---- EXTRACTED ENTRIES

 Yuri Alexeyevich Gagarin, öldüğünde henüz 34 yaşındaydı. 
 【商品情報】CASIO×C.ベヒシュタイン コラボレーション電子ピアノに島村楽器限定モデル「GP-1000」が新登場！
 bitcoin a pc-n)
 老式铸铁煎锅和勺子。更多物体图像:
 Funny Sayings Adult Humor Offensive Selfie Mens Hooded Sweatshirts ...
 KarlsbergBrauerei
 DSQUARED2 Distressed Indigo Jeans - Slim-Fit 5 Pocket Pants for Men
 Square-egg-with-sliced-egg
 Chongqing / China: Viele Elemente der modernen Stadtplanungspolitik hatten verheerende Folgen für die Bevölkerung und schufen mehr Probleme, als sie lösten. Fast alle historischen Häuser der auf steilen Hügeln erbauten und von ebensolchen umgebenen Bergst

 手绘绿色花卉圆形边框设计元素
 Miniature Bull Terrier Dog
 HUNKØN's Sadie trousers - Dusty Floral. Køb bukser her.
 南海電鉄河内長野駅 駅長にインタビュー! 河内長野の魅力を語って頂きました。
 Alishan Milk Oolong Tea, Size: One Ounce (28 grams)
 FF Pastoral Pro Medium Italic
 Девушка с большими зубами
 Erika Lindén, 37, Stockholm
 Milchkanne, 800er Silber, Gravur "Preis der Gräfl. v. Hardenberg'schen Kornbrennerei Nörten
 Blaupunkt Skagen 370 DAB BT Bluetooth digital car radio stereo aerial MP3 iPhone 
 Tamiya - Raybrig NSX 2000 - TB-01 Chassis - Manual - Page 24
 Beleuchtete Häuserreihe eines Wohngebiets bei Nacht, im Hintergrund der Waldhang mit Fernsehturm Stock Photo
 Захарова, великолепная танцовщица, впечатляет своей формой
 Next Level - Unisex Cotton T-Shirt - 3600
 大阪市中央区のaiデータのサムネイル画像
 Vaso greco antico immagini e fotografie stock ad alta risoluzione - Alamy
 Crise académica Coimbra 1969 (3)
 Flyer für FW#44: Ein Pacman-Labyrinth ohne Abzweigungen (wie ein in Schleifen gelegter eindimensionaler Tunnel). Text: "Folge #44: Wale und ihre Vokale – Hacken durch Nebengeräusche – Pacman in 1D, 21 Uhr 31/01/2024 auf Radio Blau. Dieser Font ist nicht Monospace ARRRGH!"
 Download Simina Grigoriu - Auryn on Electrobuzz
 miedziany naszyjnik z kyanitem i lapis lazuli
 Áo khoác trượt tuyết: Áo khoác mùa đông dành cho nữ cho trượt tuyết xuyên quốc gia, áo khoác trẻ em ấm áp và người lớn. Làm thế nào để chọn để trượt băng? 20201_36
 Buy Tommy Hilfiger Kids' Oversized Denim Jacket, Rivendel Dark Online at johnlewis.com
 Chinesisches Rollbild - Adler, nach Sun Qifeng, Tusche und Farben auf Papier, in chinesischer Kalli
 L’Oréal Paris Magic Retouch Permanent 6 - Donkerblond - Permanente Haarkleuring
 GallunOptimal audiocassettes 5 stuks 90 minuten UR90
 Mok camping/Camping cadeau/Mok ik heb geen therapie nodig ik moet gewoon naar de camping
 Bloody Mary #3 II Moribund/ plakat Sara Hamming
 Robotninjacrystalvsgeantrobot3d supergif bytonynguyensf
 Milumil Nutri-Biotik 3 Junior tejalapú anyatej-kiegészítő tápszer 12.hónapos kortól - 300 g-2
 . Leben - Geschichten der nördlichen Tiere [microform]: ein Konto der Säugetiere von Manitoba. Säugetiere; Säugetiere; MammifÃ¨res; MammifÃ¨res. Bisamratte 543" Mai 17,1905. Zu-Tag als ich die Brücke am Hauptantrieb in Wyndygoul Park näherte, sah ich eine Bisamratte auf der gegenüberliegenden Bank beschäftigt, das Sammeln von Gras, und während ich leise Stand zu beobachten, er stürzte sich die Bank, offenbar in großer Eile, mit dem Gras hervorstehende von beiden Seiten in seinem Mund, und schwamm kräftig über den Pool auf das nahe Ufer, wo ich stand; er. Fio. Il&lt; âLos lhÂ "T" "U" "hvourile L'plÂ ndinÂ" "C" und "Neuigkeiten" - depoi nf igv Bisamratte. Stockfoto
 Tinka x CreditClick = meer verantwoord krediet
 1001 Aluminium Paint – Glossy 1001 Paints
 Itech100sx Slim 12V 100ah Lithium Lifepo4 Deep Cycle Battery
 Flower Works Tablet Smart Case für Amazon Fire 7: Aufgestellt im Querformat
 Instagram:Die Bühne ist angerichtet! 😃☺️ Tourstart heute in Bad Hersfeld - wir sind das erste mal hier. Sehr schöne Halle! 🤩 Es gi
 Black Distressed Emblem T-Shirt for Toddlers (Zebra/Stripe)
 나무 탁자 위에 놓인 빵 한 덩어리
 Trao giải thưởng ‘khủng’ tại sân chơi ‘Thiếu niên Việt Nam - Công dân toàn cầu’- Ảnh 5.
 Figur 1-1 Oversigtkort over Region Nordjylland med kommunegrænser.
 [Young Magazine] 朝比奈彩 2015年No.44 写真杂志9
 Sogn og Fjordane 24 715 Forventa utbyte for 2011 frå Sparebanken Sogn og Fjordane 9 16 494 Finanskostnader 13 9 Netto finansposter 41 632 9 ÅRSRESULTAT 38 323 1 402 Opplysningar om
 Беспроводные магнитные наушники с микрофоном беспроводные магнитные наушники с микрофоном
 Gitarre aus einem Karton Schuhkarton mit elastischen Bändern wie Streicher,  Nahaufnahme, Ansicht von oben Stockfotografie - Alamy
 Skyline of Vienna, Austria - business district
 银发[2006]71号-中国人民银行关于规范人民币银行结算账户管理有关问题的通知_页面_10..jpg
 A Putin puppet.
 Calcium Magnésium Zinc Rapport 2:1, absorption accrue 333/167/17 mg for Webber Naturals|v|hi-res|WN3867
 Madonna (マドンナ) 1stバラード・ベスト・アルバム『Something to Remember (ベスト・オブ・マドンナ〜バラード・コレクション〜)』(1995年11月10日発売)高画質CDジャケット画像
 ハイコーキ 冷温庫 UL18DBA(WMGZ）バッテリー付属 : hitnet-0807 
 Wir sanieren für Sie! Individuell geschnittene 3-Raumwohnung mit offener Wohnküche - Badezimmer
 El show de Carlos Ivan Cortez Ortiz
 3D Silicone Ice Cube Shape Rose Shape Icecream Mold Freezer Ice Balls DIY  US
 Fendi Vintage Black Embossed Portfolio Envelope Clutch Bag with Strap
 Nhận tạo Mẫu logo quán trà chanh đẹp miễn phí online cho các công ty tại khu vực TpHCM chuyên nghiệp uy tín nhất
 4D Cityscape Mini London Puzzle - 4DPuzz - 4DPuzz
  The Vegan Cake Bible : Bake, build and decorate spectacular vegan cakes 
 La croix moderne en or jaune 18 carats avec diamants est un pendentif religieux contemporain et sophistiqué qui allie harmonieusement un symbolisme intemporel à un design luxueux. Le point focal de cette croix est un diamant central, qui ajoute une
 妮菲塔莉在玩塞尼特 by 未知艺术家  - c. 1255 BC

--------

● WHAT THE TASK ASKS
Print only the lines from the top of the data above down to the line holding "Erika Lindén, 37, Stockholm", inclusive.

● EXERCISE ANSWER
 Yuri Alexeyevich Gagarin, öldüğünde henüz 34 yaşındaydı. 
 【商品情報】CASIO×C.ベヒシュタイン コラボレーション電子ピアノに島村楽器限定モデル「GP-1000」が新登場！
 bitcoin a pc-n)
 老式铸铁煎锅和勺子。更多物体图像:
 Funny Sayings Adult Humor Offensive Selfie Mens Hooded Sweatshirts ...
 KarlsbergBrauerei
 DSQUARED2 Distressed Indigo Jeans - Slim-Fit 5 Pocket Pants for Men
 Square-egg-with-sliced-egg
 Chongqing / China: Viele Elemente der modernen Stadtplanungspolitik hatten verheerende Folgen für die Bevölkerung und schufen mehr Probleme, als sie lösten. Fast alle historischen Häuser der auf steilen Hügeln erbauten und von ebensolchen umgebenen Bergst

 手绘绿色花卉圆形边框设计元素
 Miniature Bull Terrier Dog
 HUNKØN's Sadie trousers - Dusty Floral. Køb bukser her.
 南海電鉄河内長野駅 駅長にインタビュー! 河内長野の魅力を語って頂きました。
 Alishan Milk Oolong Tea, Size: One Ounce (28 grams)
 FF Pastoral Pro Medium Italic
 Девушка с большими зубами
 Erika Lindén, 37, Stockholm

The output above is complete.